Некоторые павильоны на бульваре еще были заколочены, в других торговали фруктами, конфетами и прохладительными напитками в заманчиво пестрых бутылках и сифонах. Светили красные буквы кафе.
— А живем мы, ребята, верно, как в монастыре!
— Залезли в политэкономию, а экономики сегодняшнего дня не замечаем.
И, прислушавшись ко всем этим разговорам, где переплетались деловая трезвость и настороженность, любознательный интерес и тревога, Кононов одобрительно кивал головой, — на этом плацдарме Миндлову предстояло в своем докладе развернуть силы партийного наступления.
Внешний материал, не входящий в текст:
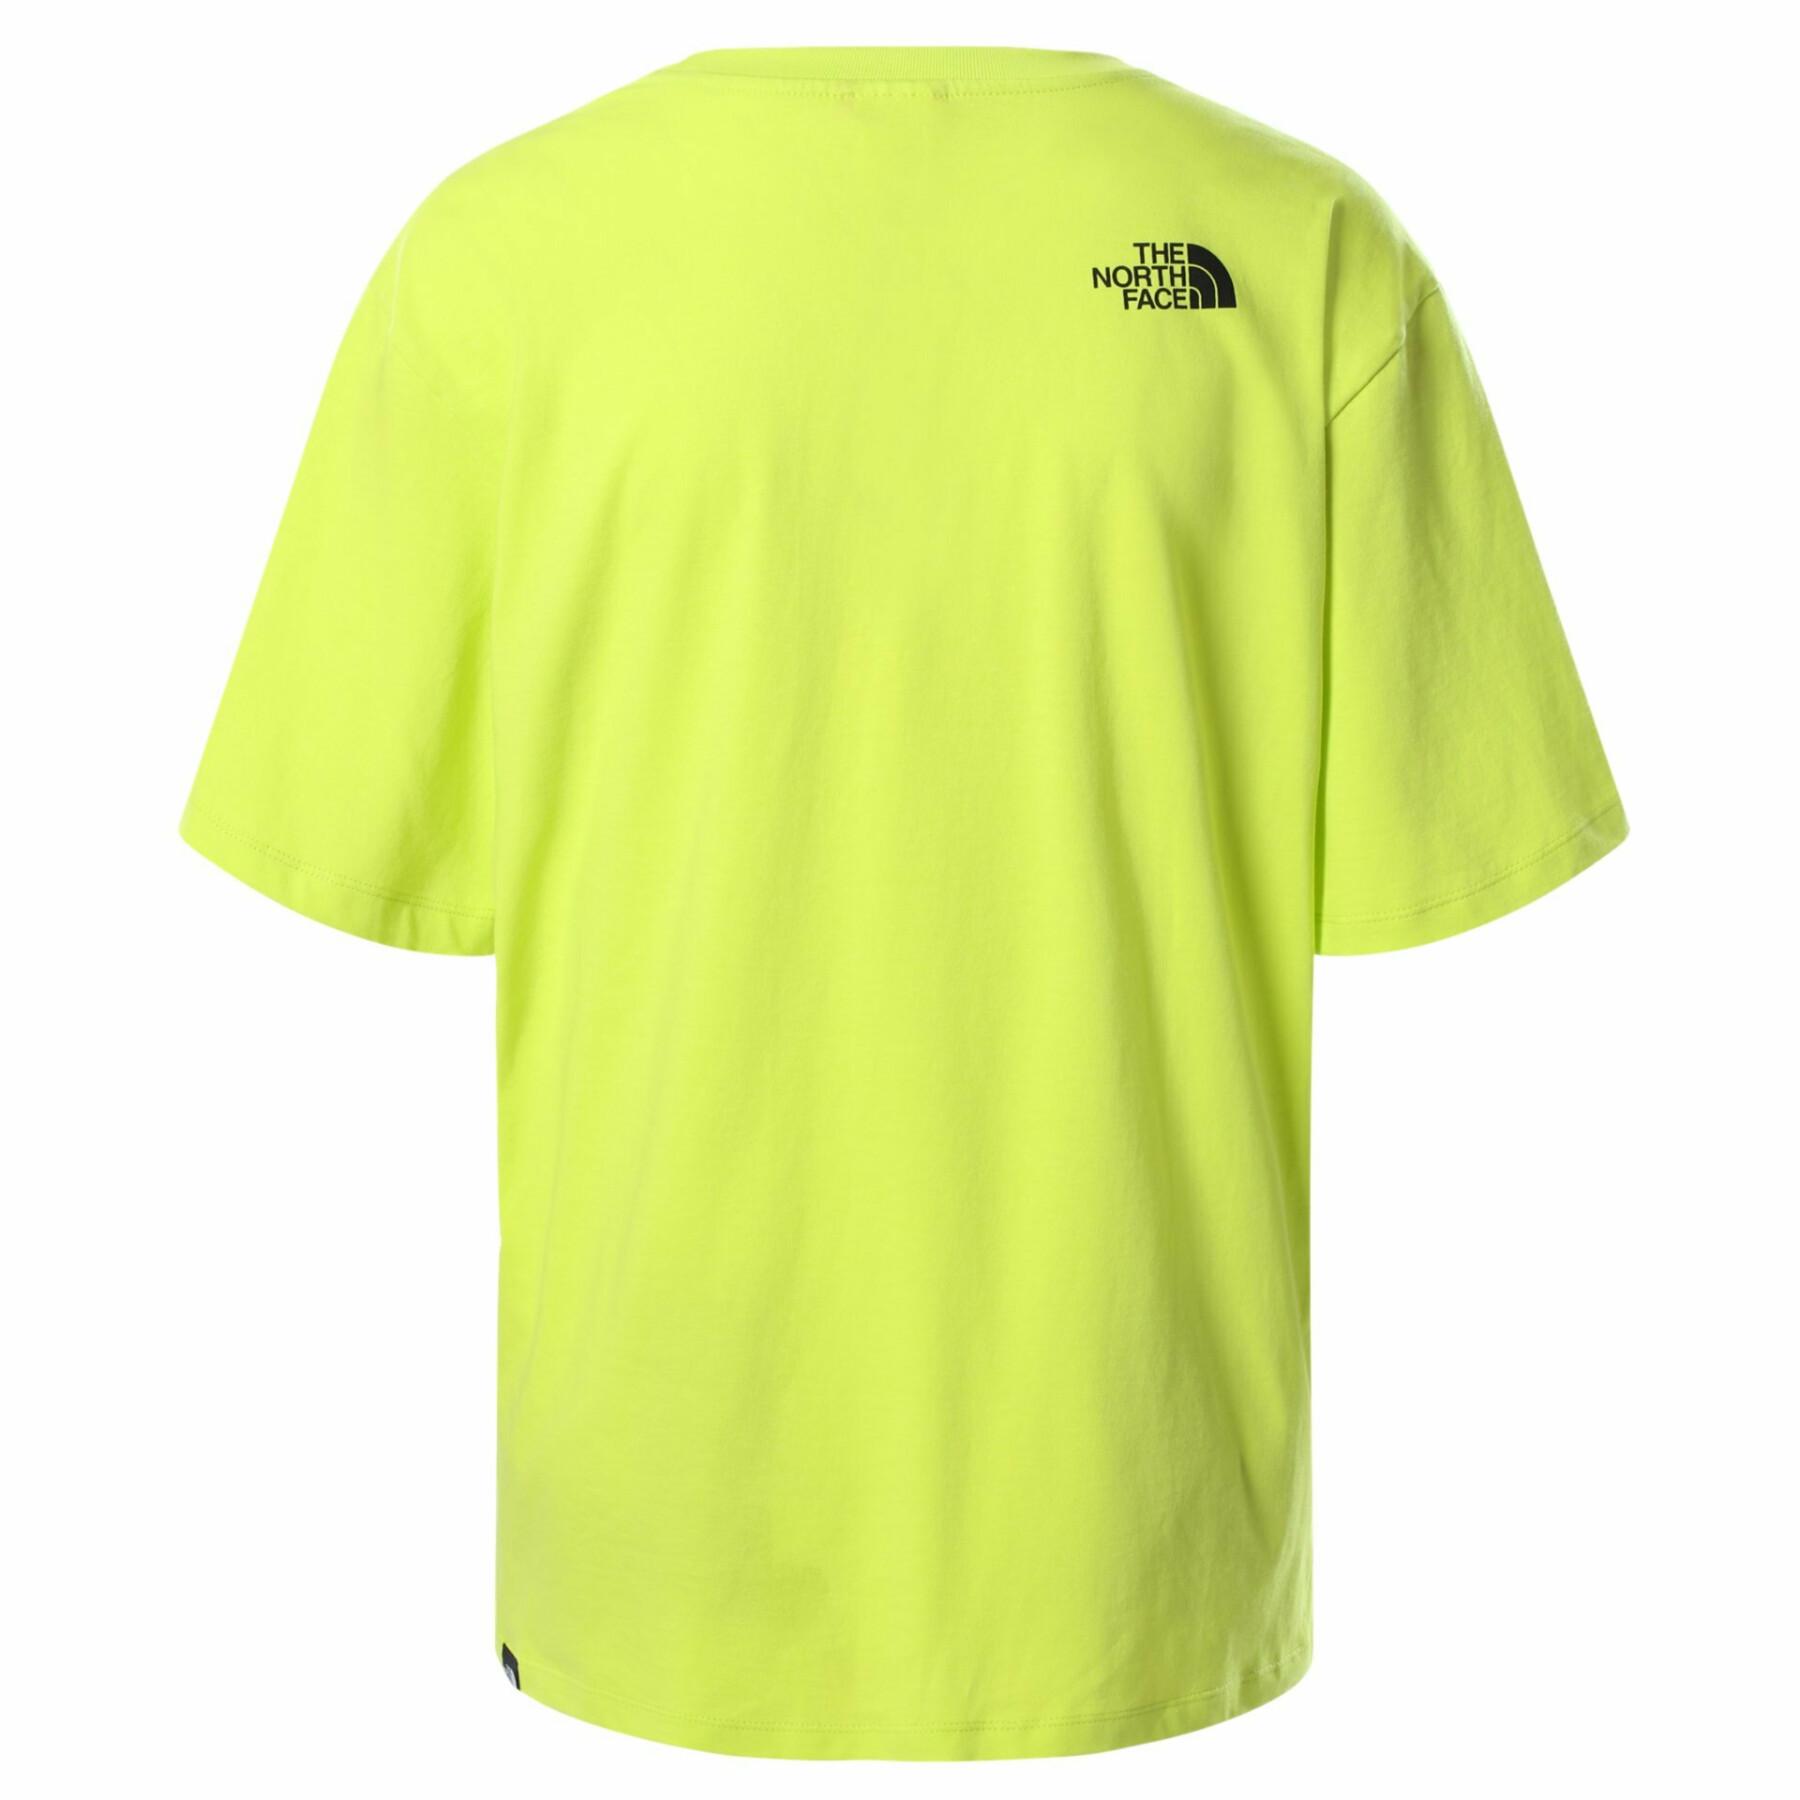 Women's T-shirt The North Face Simple Dome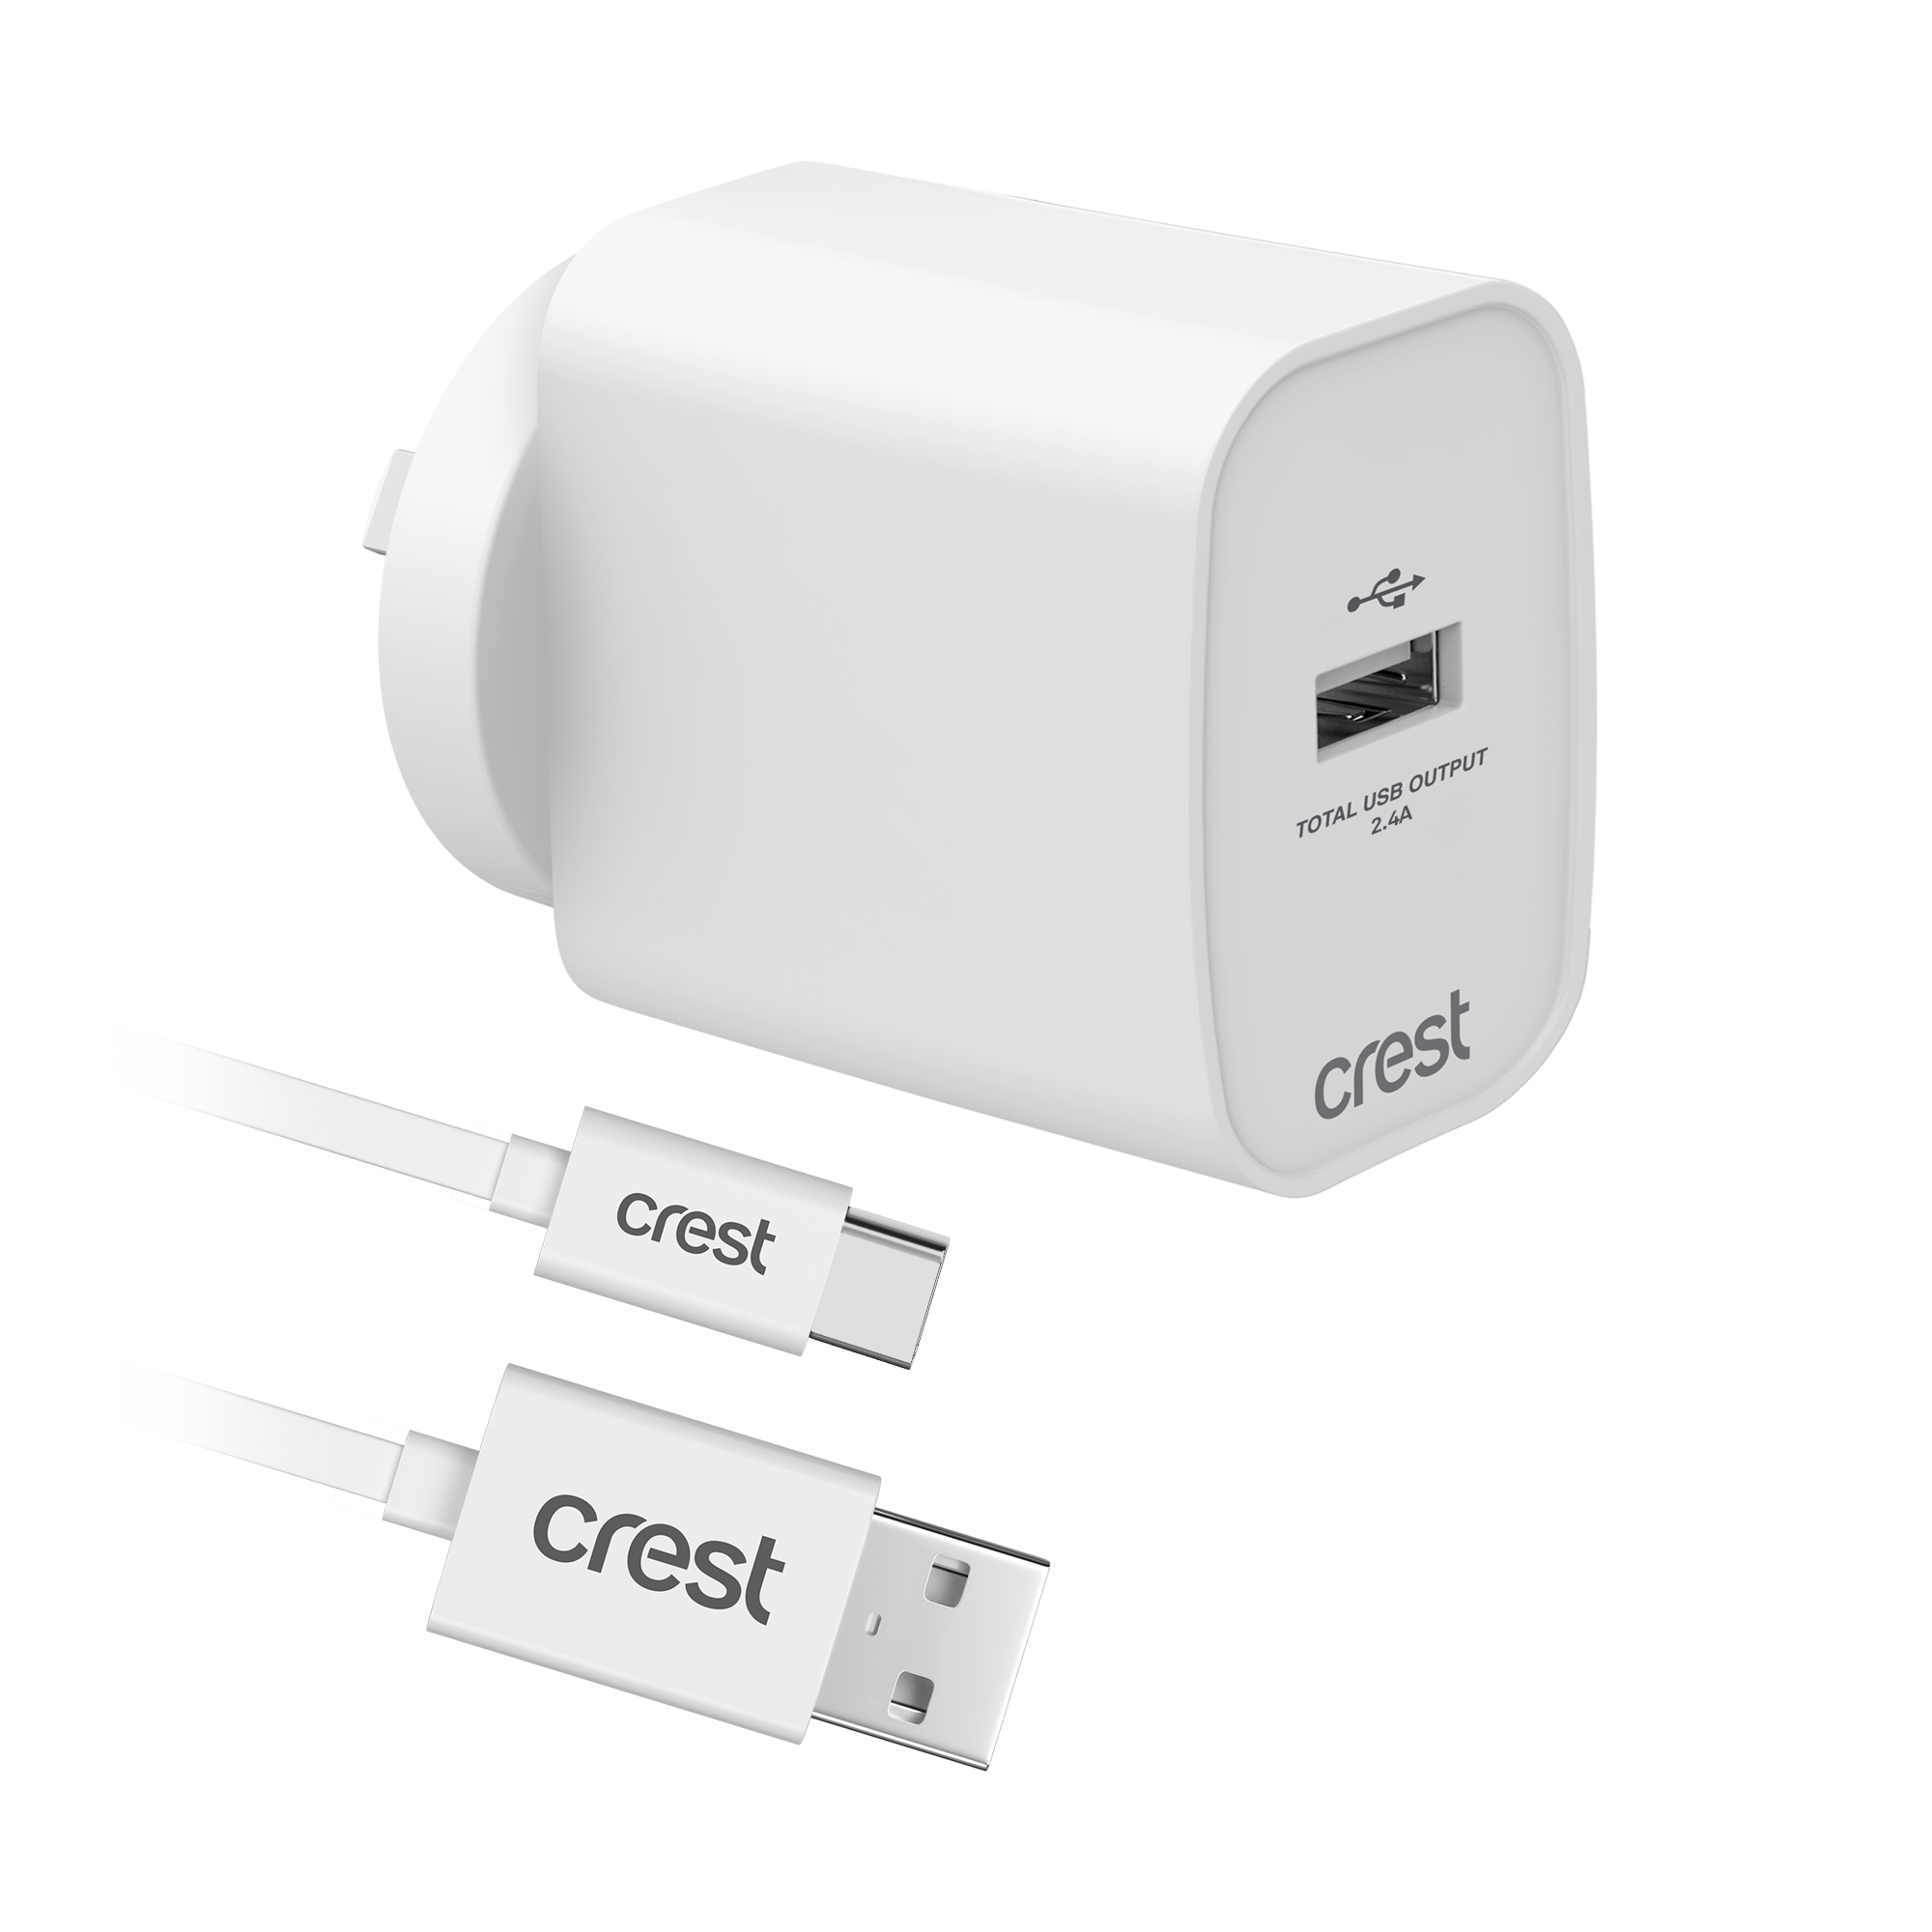 USB-C Wall Charger & USB-C Cable

Еще когда во дворе Миндлов сквозь монотонный голос Кононова слушал слова Ленина, уже тогда он чувствовал, как что-то расправляется в нем, жадно, как растение к свету, тянется к живительному смыслу этих слов. И вот к завтрашнему заседанию уже готов план и написаны тезисы. Перелистывая их, Миндлов почувствовал, что сегодня он больше заниматься не должен. Он глядел в окно на звезды, светляками мерцавшие сквозь темную листву деревьев, и почувствовал, что доклад готов и накрепко свернутый лежит в душе его, — завтра одного усилия воли достаточно будет, чтоб он развернулся. И Миндлов с благодарностью и благоговением перелистывал эту тоненькую книжку, так ясно и непритязательно названную. С чем сравнить ее? Луч прожектора темной ночью? Сказочная живая вода, после которой глаз видит все во много раз ярче, красочнее и отчетливее? Или это стекла чудесного микроскопа, показывающие движения мельчайших зародышей капитализма, стихийно возникающих и развивающихся? Но стихия страшна, пока ее не понимаешь. А книга эта не только давала ясное понимание происходящего, она давала такую могущественную власть, с какой ничто не могло сравниться, она учила, как враждебную силу можно покорить и заставить работать на себя, — все равно как моряк, искусно поставив паруса, заставляет противный ветер нести к цели корабль.
ГЛАВА ДЕСЯТАЯ
Обычным порядком прошел день, ничем не отличный от других учебных дней. Утром состоялась лекция, обед, как всегда, был скуден, и обычны шутки перед обедом. Но часто переспрашивали комиссары друг друга, будет ли сегодня собрание, и с ожиданием поглядывали на окно комнаты Миндлова.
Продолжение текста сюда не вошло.